First Hand Account of the Shanghai Eclipse

Today in Shanghai, the most peculiar thing happened. It may seem odd to you, but it was many hours before I could weave together the clues and manifest a proper theory. Even now, I’m driven to restlessness and insecurity over this event, perhaps driving myself further and further afield in my work responsibilities.

Earlier this Wednesday morning I was bicycling to work, lost amongst my own thoughts and the chaotic weaving of the rickshaws and automobile taxis when I noticed the city getting darker. It was quite a perplexing sight to see a city, which under usual circumstances would be in daylight, suddenly become night. It was as if some celestial body was blocking the rays of the sun!

Needless to say, Smash Mouth was not the proper score for such a moment. I quickly pressed the advance button on my music device. All that glitters as gold was bought a new life by the honest melodies of Everclear.

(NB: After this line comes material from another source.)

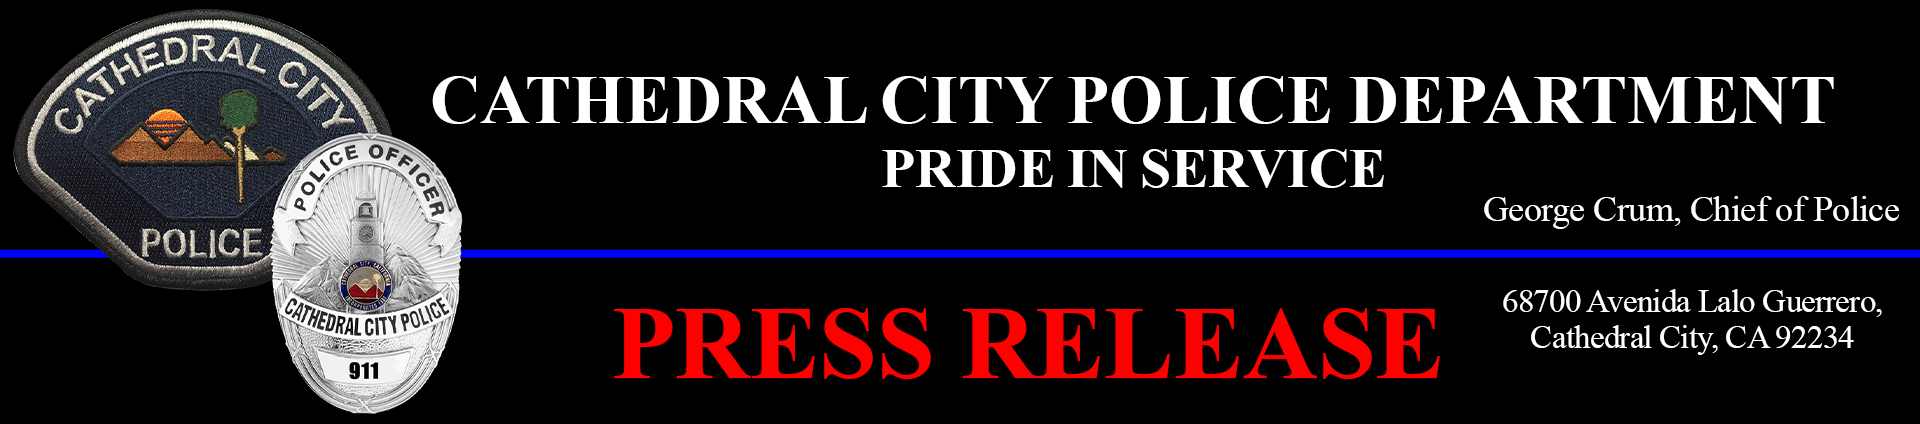 Press Release TC 2308-3878 - Cathedral City Police Department

I stopped my conveyance and looked skyward. It had begun to rain. A single drop of water hit my cornea in a shocking manner. I lowered my head, raised the sleeve of my shirt, and applied adequate cloth to my eye in order to dry it.

With my eye sufficiently dry, I look again at the still darkening sky. By some twist of the odds, another hefty water drop hit my eye again. I repeated the early process of cloth to eye and decided then that it would be unwise for me to tempt fate thrice.

By now the anachronistic twilight had deepened into night. The polluted haze of the distance faded, and the street around me began to disappear. The ground grew dim and the trees black, as did the old lady sitting in a chair picking her nose and the man spitting in the gutter. Fears and fatigue grew upon me.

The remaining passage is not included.